I count you

When you talk with your partner, what you say and how you say it tells a great deal about your attitude toward both your partner and yourself. For example, when you listen attentively, you indicate to him or her: I count you. When you clearly state what you want for yourself or what you are feeling, it is a way of saying: I count myself.

When you value or count someone--either yourself or another person--you express a positive set of assumptions about that person’s significance:

- faith in the intention to treat each person as important,

- confidence in the ability to handle situations, or to recognize when help is needed,

- trust in the willingness to follow through on promises,

- belief in the commitment to each person's well-being.

On the other hand, when you discount someone--including yourself--the set of assumptions is just the opposite: lack of faith, confidence, trust and belief.

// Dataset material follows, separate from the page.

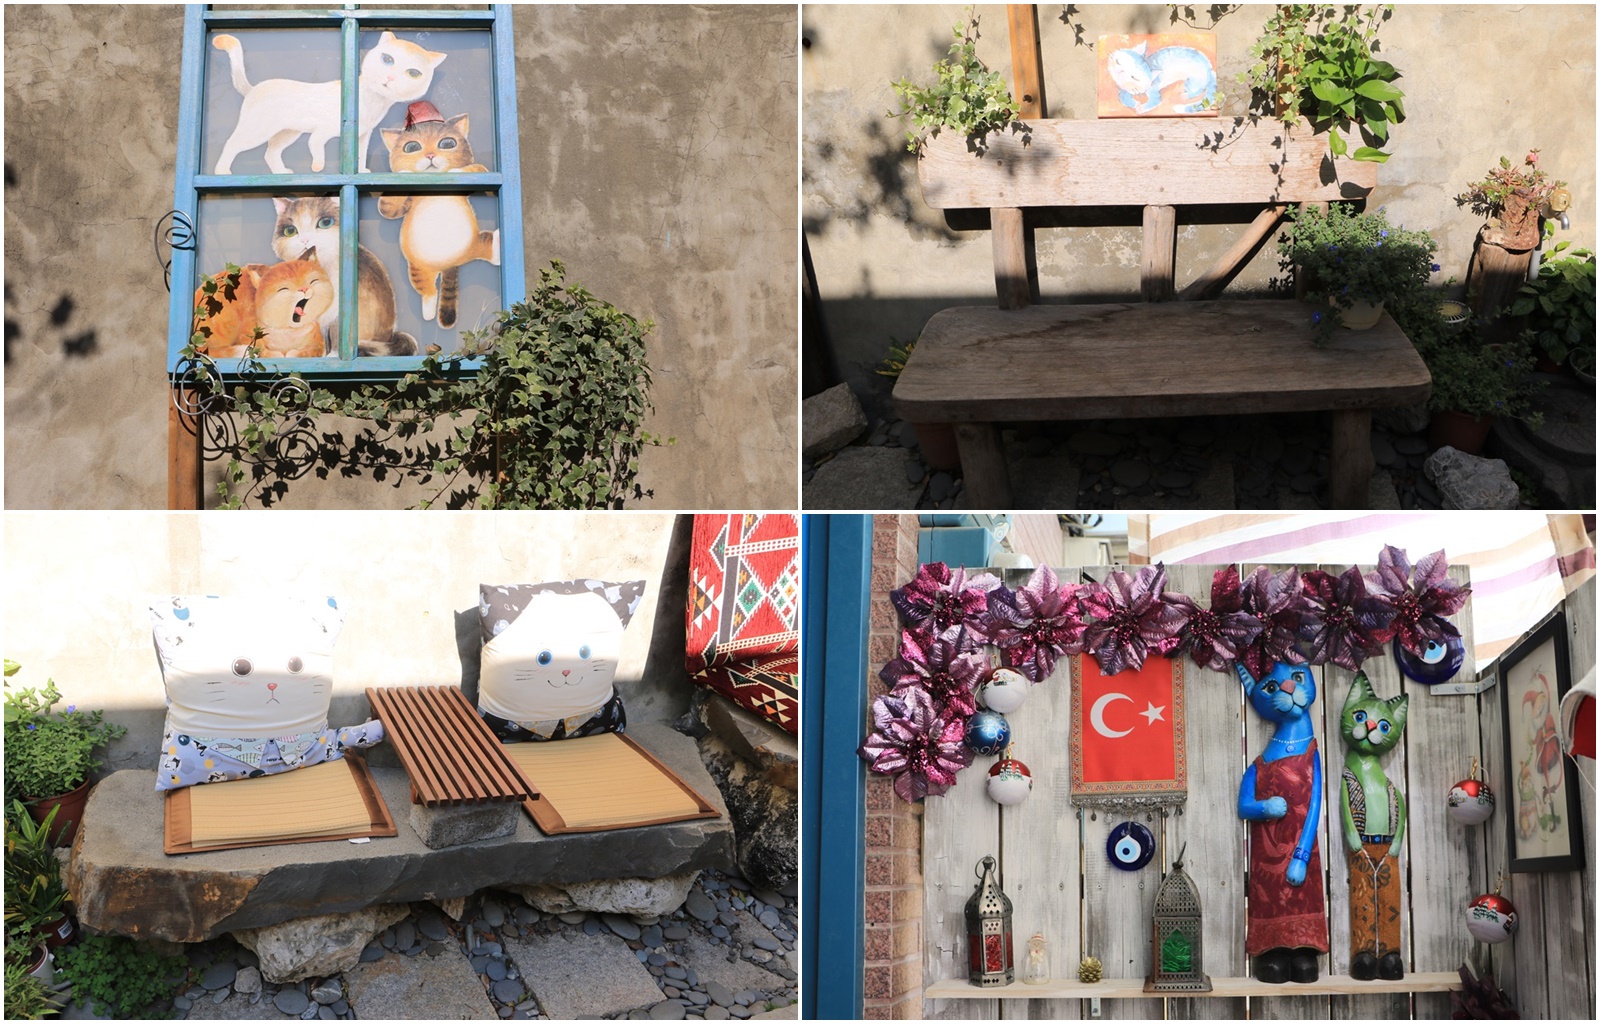 台南美食。May的移動畫室&土耳其小茶館，有可愛貓咪畫作 土耳其特色點心 x 蝸牛巷

You do have a choice: you can act in ways which say, “I count myself,” or in ways which say, “I don't count myself.”

The reason you always have a choice is this: your counting attitude is not the same as your feelings. It is not the same as your momentary view of yourself, or even your more stable and enduring self esteem. None of these is the key. Instead, the key is whether you treat yourself as significant, as someone whose intentions, thoughts, feelings, etc., are worth taking into account. The same thing is true about counting your partner.

Your counting attitude seems to grow out of a deeper belief in the fundamental value of every person.